Working with Chuckanut Health Foundation and the local United Way chapter, WCF created an online portal with a simplified grant application process to speed up how easily organizations could receive funds.

“It felt great to be able to just make things happen really quickly,” Ingram says.

A group of grantees, donors, board members and staff — back when the Whatcom Community Foundation celebrated giving making in person. Photo credit: Lee Eberhardt

In addition, WCF created a virtual roundtable for non-profit executive directors to connect and support each other during the pandemic’s early phases. The organization also worked with Whatcom County to help coordinate food security issues. Bringing together local food banks and school districts, as well as the Opportunity Council and other emergency food providers like Miracle Food Network, WCF helped coordinate emergency food acquisition and delivery. 

The foundation also helped with other grant-making and CARES funding coordination. During the first 18 months of the pandemic, WCF issued more than $3.2 million in COVID-related grants to about 70 different organizations. WCF also hosted the Keep Music Live campaign, which resulted in nearly $1 million in COVID relief to independent live music venues across the state.

A Flourishing Future

A quarter-century in—and with a sizeable bequest about to significantly enhance the foundation’s grant power—WCF continues growing alongside the geographically and demographically diverse community it serves.

This includes continuing to learn from rich partnerships with other community foundations, including the Lummi Nation’s Lhaq’temish Foundation.

Mauri Ingram, Lhaq’temish Foundation Executive Director Candice Wilson, and former Unity Way of Whatcom County CEO Peter Theisen at the kick off of the All in WA campaign, a coordinated, statewide relief effort launched in May 2020. Photo credit: Michèle Waite

Recently, WCF supported several projects that continue to enhance the county’s culture and equity, including campaigns for the arts and waterfront redevelopment through the Millworks Project, which WCF is collaborating on with Mercy Housing Northwest.

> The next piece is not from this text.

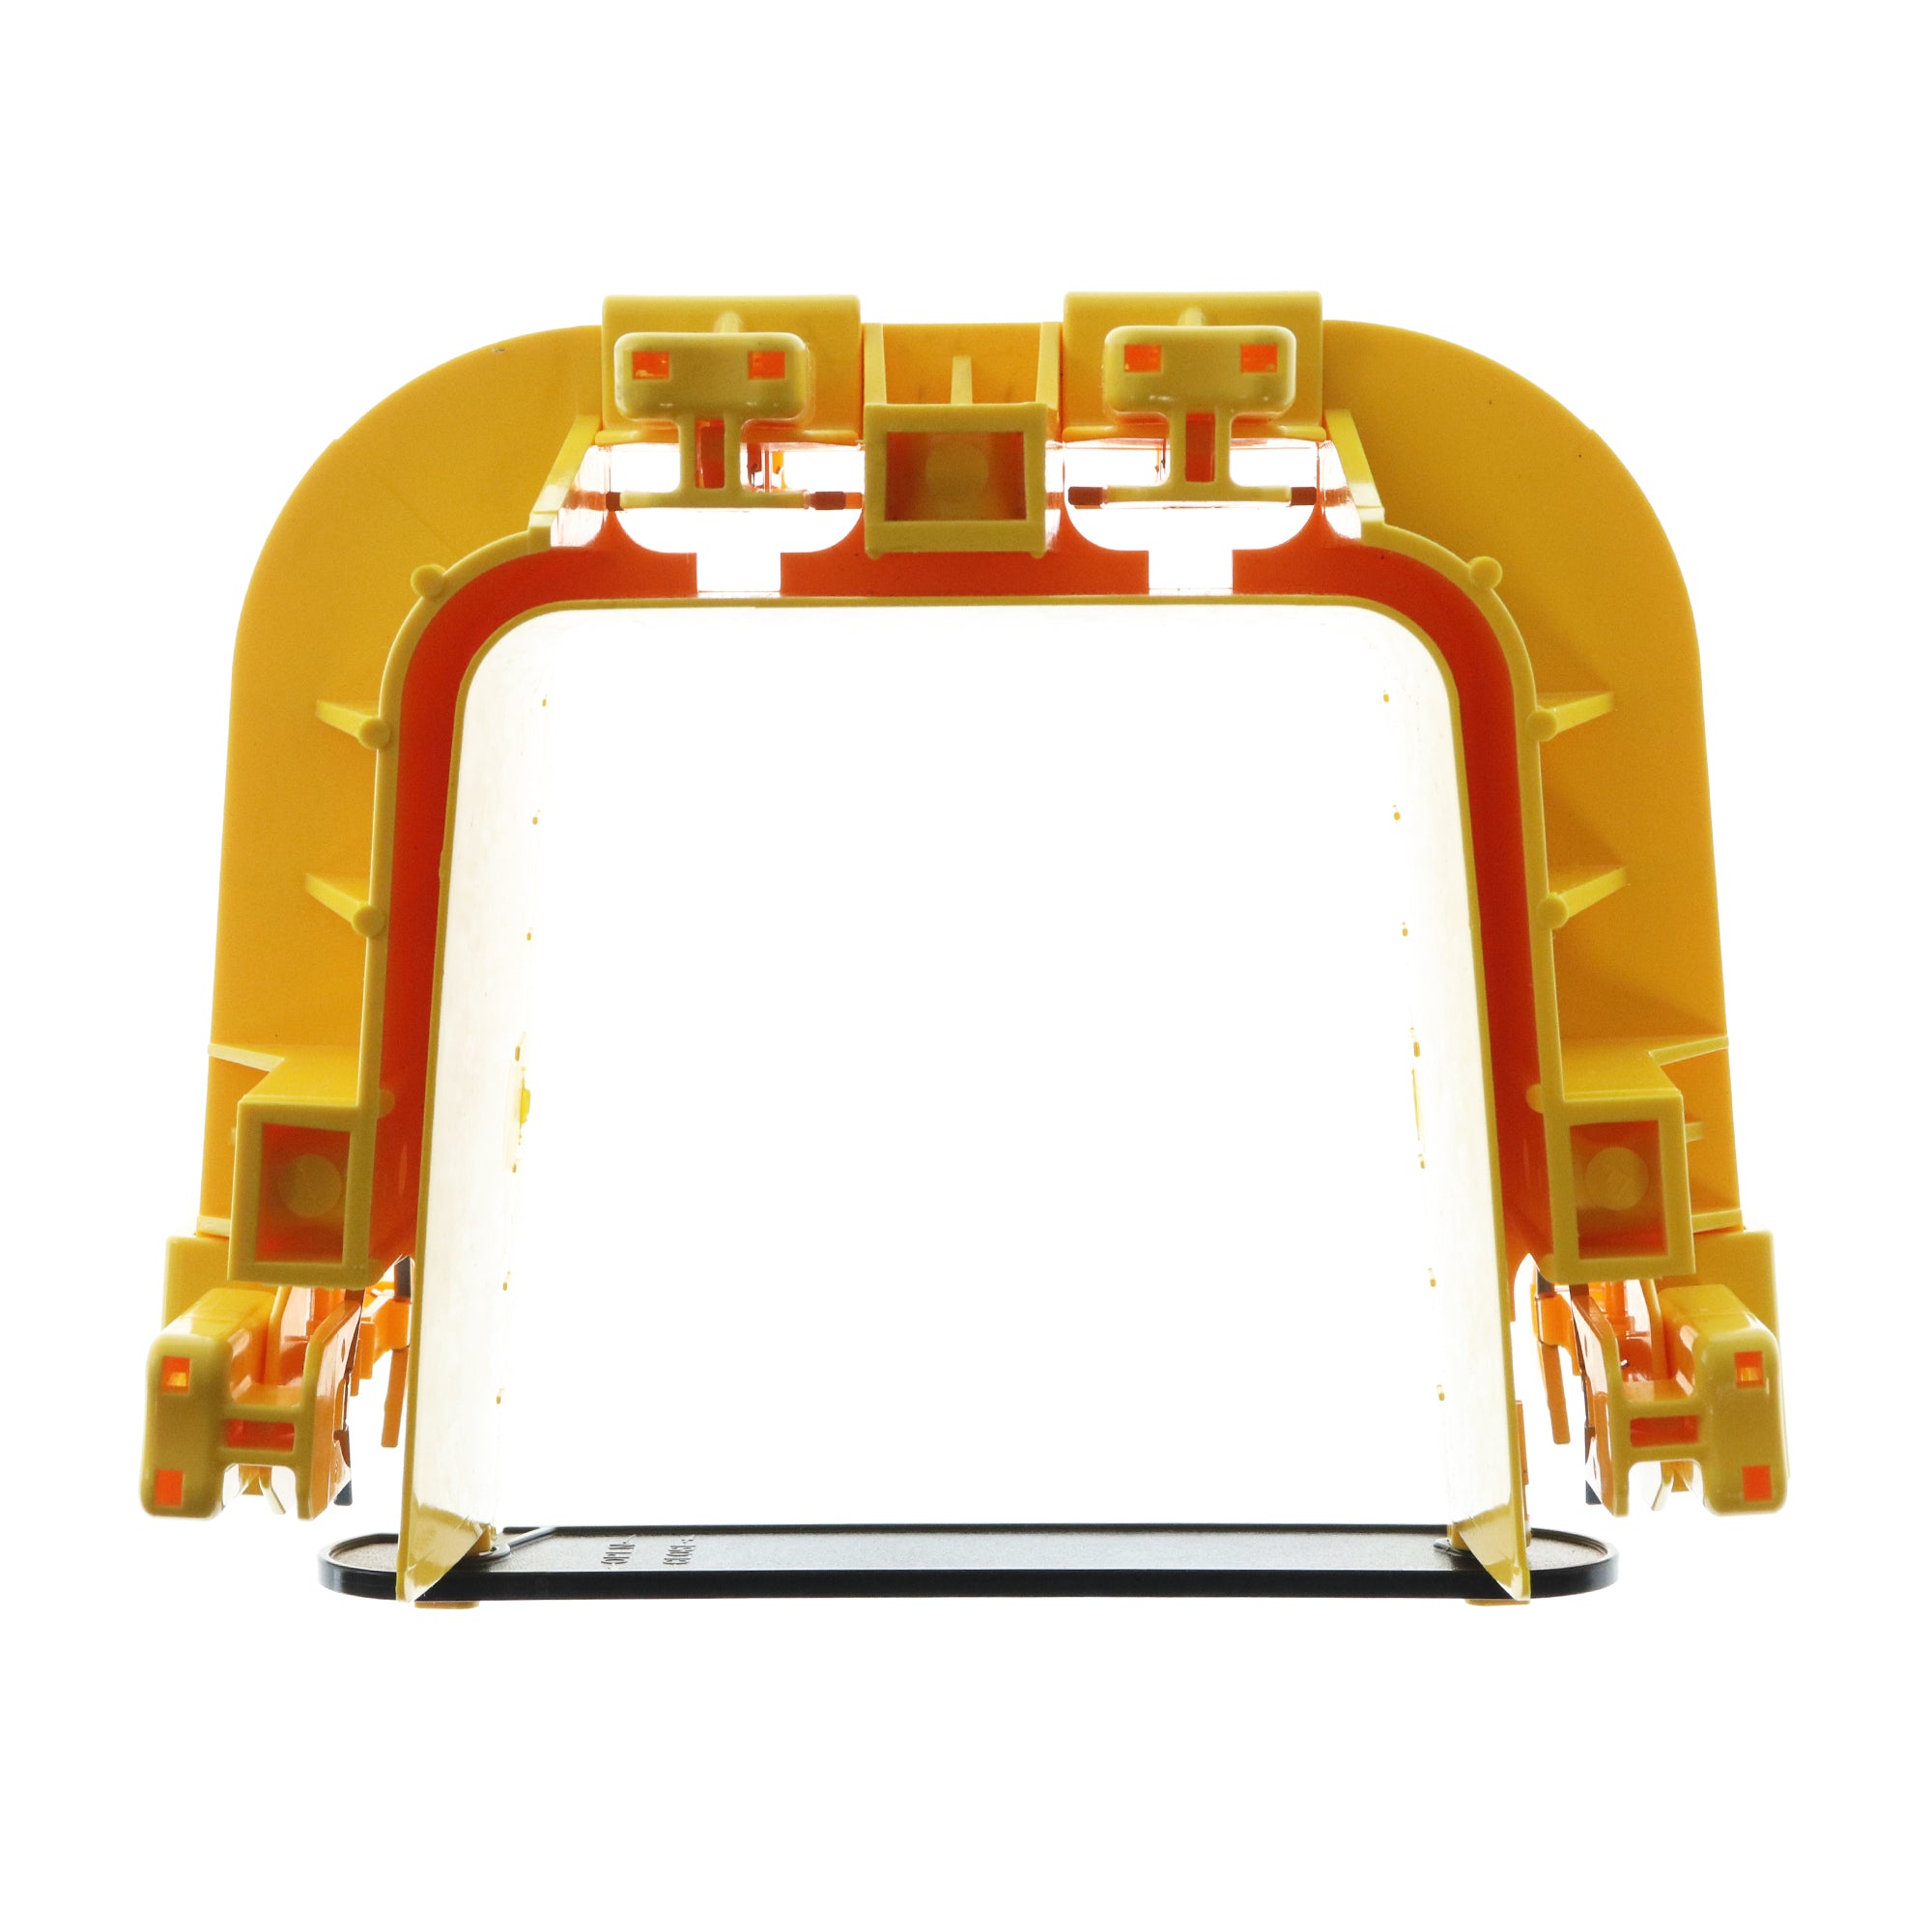 ADC, ADC COMMSCOPE FGS-MFAW-A FIBERGUIDE 4X4" SNAP-FIT RACEWAY JUNCTION, YELLOW
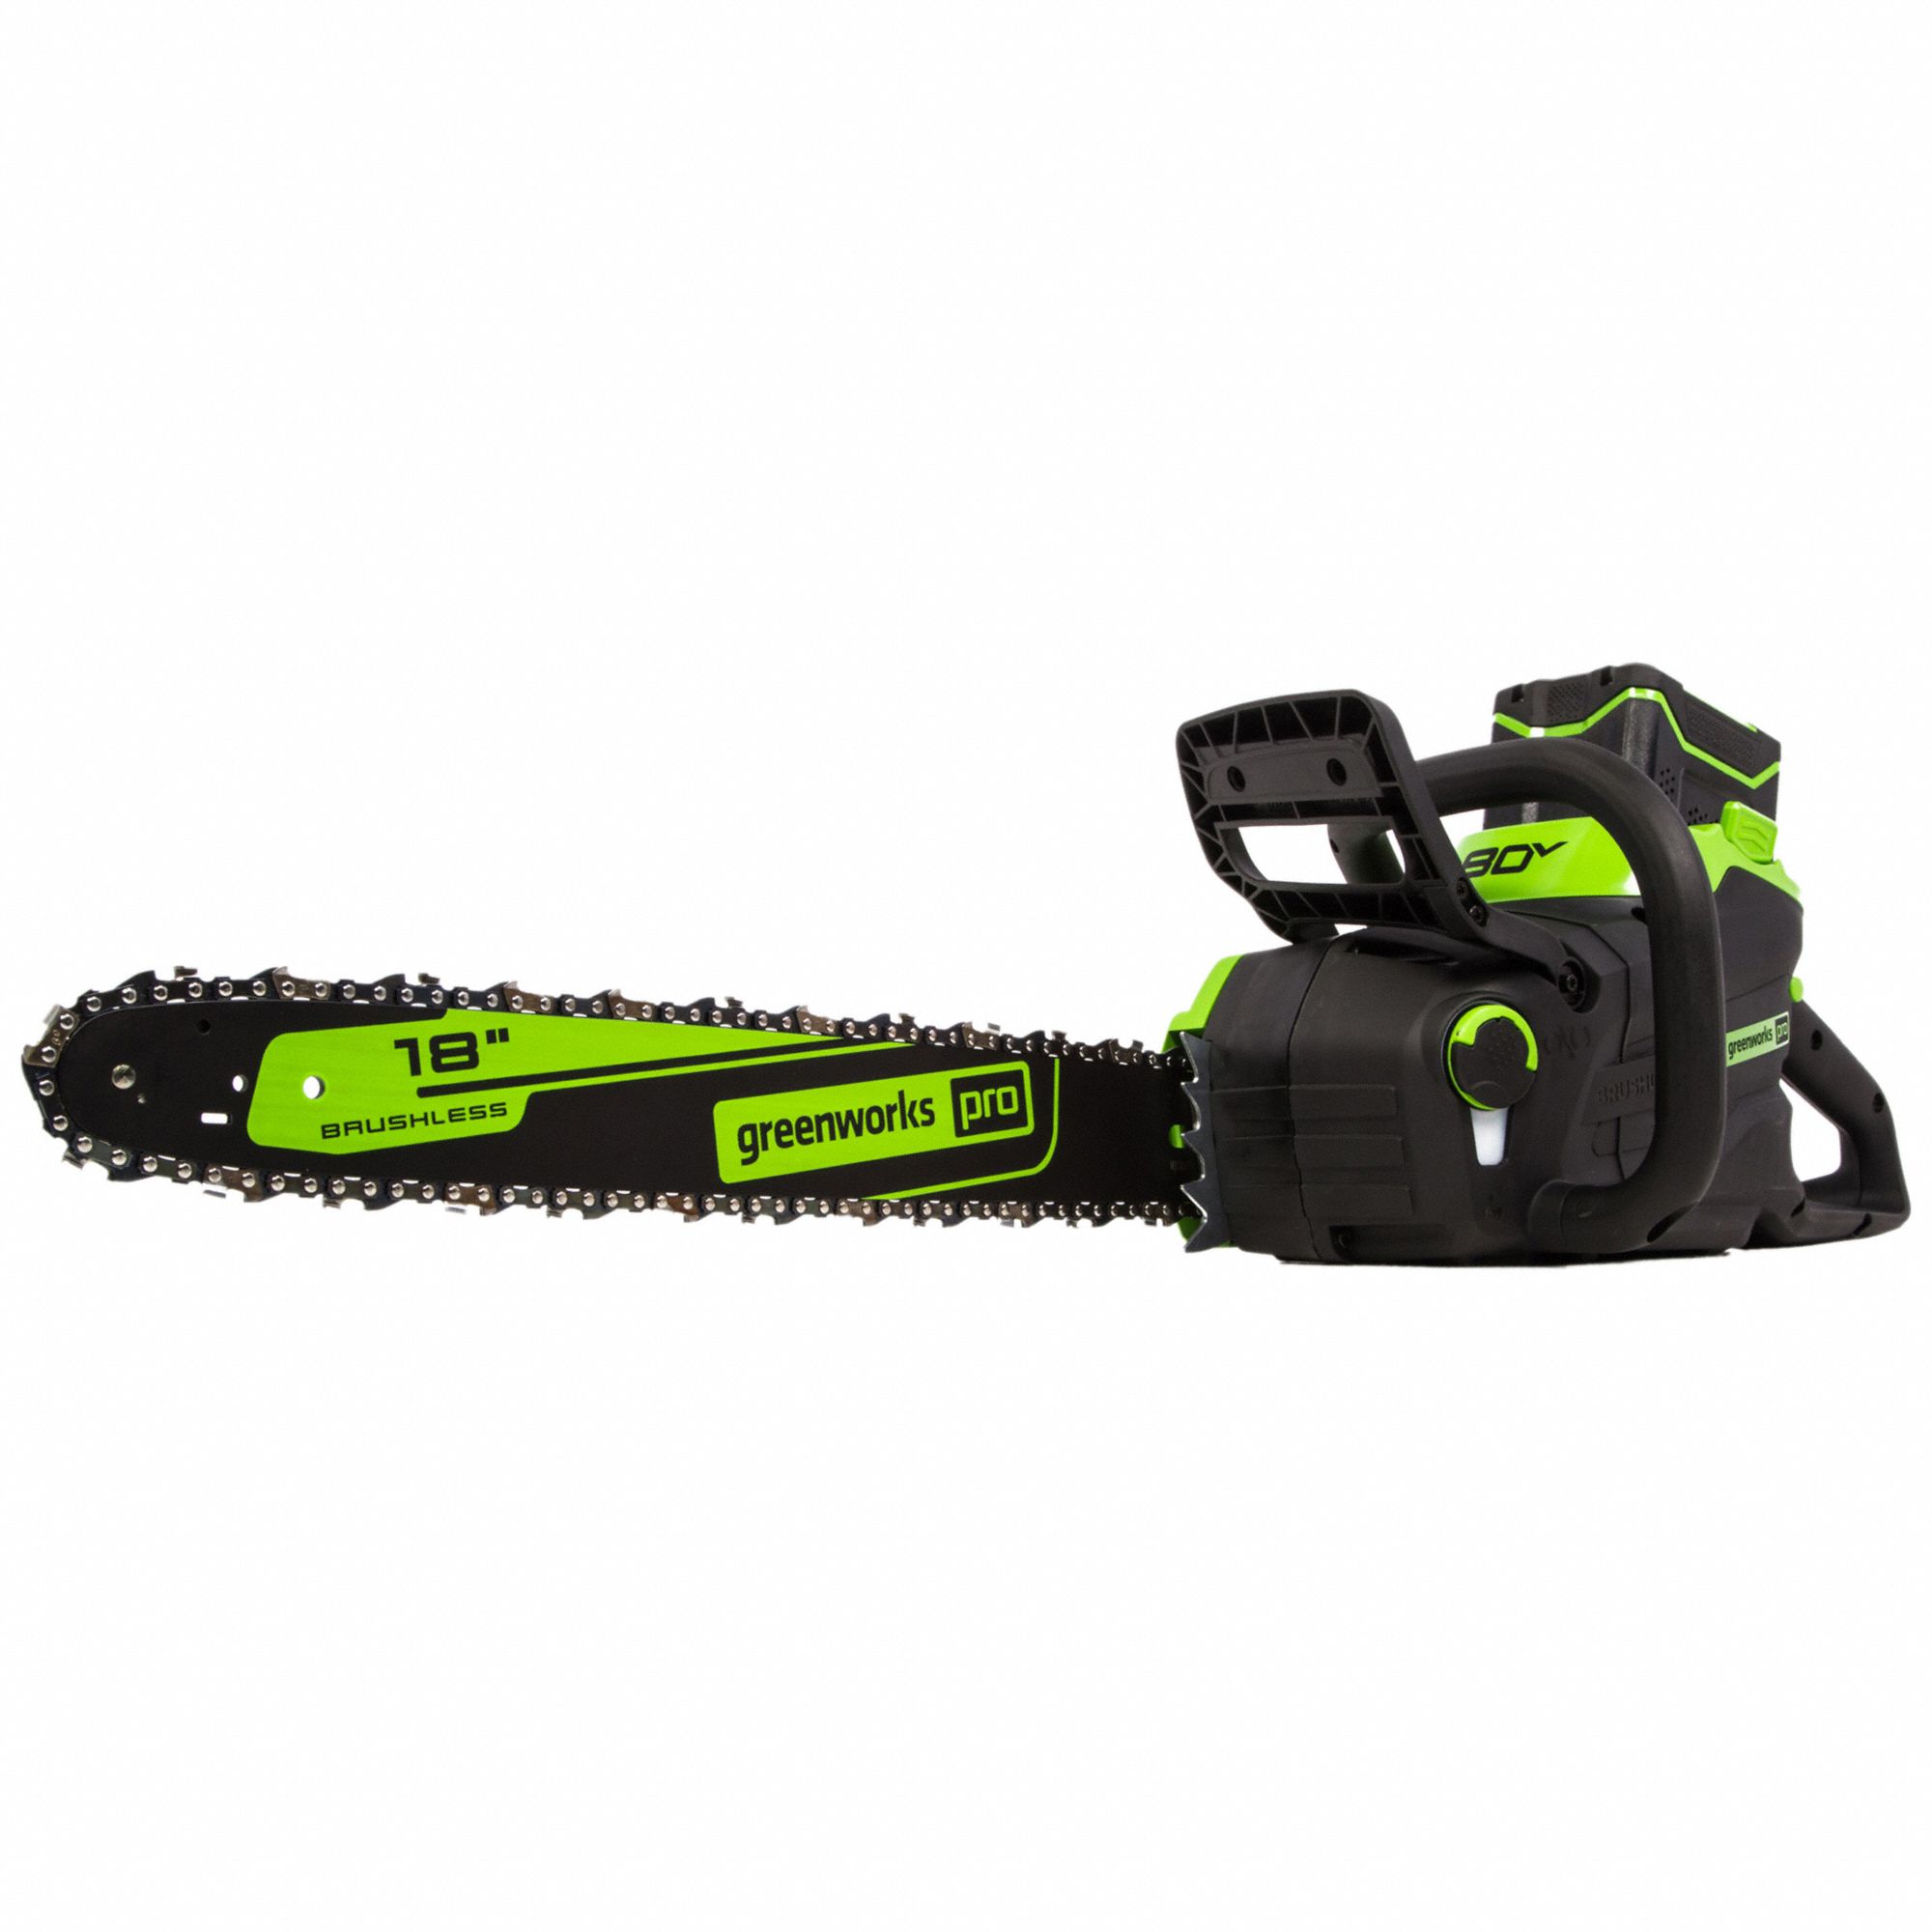 Cordless Chain Saw: Electric, 18 in Bar Lg, 45 cc Engine Displacement, 3.4 hp HP

The latter project is especially exciting, Ingram says, with focus on more affordable housing, greater childcare availability, and effectiveness of local food systems.

“The way we’ve been doing a lot of things—as a community or as a society—it’s just time to take a fresh look and figure out how we can make them work better for more people,” she says. “This project is very much about that.”

A Project Neighborly grant resulted in a potluck at Alderwood Elementary. Photo courtesy Whatcom Community Foundation

The Project Neighborly grant program is another high-water mark for WCF. Launched on Election Day in 2016, amid the culmination of the divisive 2016 presidential campaign, the Neighborly initiative is for exercises in building community, bringing together those who might otherwise not talk or listen to each other. Ingram says they plan to re-launch the program, which was put on hold in 2020 due to the challenges of the pandemic.

“I think it’s so easy for people, especially in a pandemic with a lot of division from a lot of different areas, to get focused on fear and anger,” she says. “Those are not the things that move us forward. This is our invitation to the community to say, ‘What are your ideas about bringing people together to know one another, in a spirit of curiosity and neighborliness?’”

Photo courtesy Whatcom Community Foundation

As the WCF moves forward into its next 25 years, their mission of providing equity and betterment to Whatcom County will remain steadfast.

“We’re here for the community, and by community, we mean the people who are here,” Ingram says. “Thinking about everything that we do—whether it’s the way we communicate, who we involve, where we go, how we think about things—all of that is just rooted in this fundamental respect and appreciation for every individual that’s here. We’re continuing to work at learning how we can realize that goal.”